# Looking for mid 80's strain



## Grower13 (Jul 13, 2011)

Been researching strains....... trying to find the strain me and my buddies use to smoke in the mid 80's to early 90's......... very consistant........ best pot any of us had ever had before....... would still be very good by todays standards.......... anyway been 20 years since I've seen it........  I thought I might grow some to burn with them........... it would blow their minds to hit it again. I'm sure they would remember........ at least a couple of them would anyway(lol)........ We called it the "Grunge". So I was thinking maybe if I give a discription just may someone here would know what strain it is.

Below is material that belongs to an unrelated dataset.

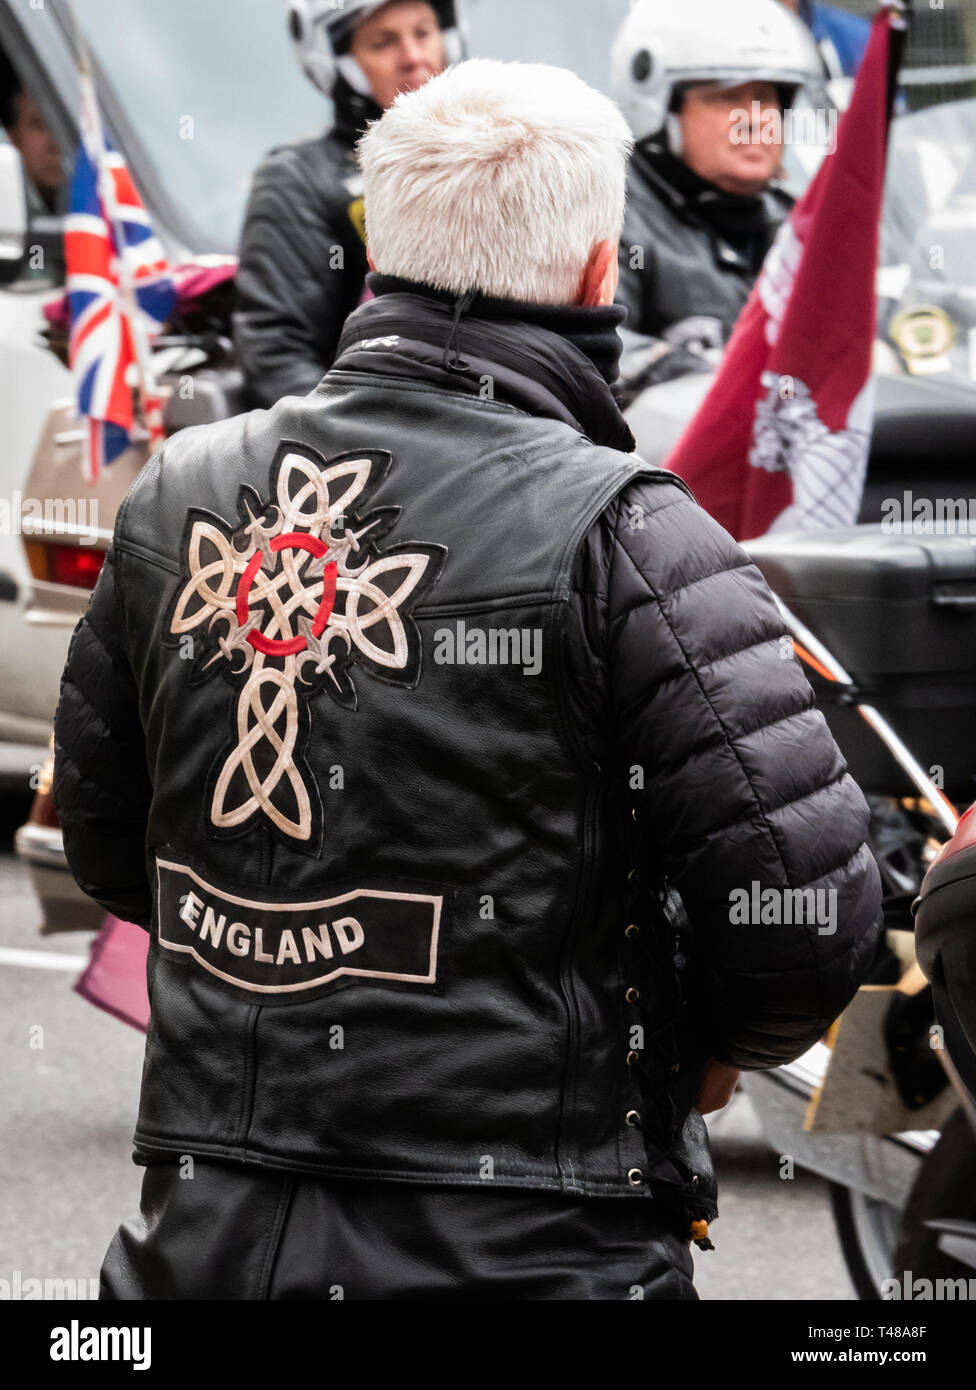 22000 motorbikes rode through London on 12th April 2019 to protest the prosecution of Soldier F for Bloody Sunday Stock Photo

Light green in color/ Light colored lime
Piney smell with a little skunk(not much skunk or baby poo smell though)
buds were nice nuggets size....... mostly roundish in shape
Had a sour lemon taste 
Smoke stank worse then herb does
very heavy smoke
make you grin ear to ear
none to very litte hair of any color
we would find a  few seeds in it here and there(Hermies I' sure)
I'm sure it was grown in doors........ 1st "high tech" herb any of us ever had........ these growers were a head of there time for sure......... we didn't know it then though.

Thanks in advance for your thoughts about the strain........ would love to maybe do a grow journal with it for yall.


----------



## nvthis (Jul 14, 2011)

Well, I suppose unless somebody remembers the actual name.. Good luck buddy.


----------



## Menimeth (Jul 16, 2011)

It sounds alot like what we called wahakin (don't know how to spell it) back in the late 70s and early 80s, but i doubt that is the strain name.


----------



## powerplanter (Jul 18, 2011)

Kinda sounds like Northern Lights.


----------



## ozzydiodude (Jul 18, 2011)

:huh: sound like dad's home grown


----------



## Mutt (Jul 18, 2011)

ozzydiodude said:
			
		

> :huh: sound like dad's home grown



my thoughts exactly. he just described about 30 different strains....except the baby poo smell....I have a kid...baby poo smell is like the colors of the rainbow...it was what ever momma ate in combination with whatever gerber put out that day (gerber green beans and momma eating mustard base BBQ hash is the worst).  it never ended well  If weed smelled like that...i'd have to quit toking for self preservation :holysheep:

hey bud...the same "base" landraces have created all the smoke you see on the net now. with add ons here and their. you will find better then the mid 80's. yes their were the golden grails of those times...but most are lost forever. their are new ones out


----------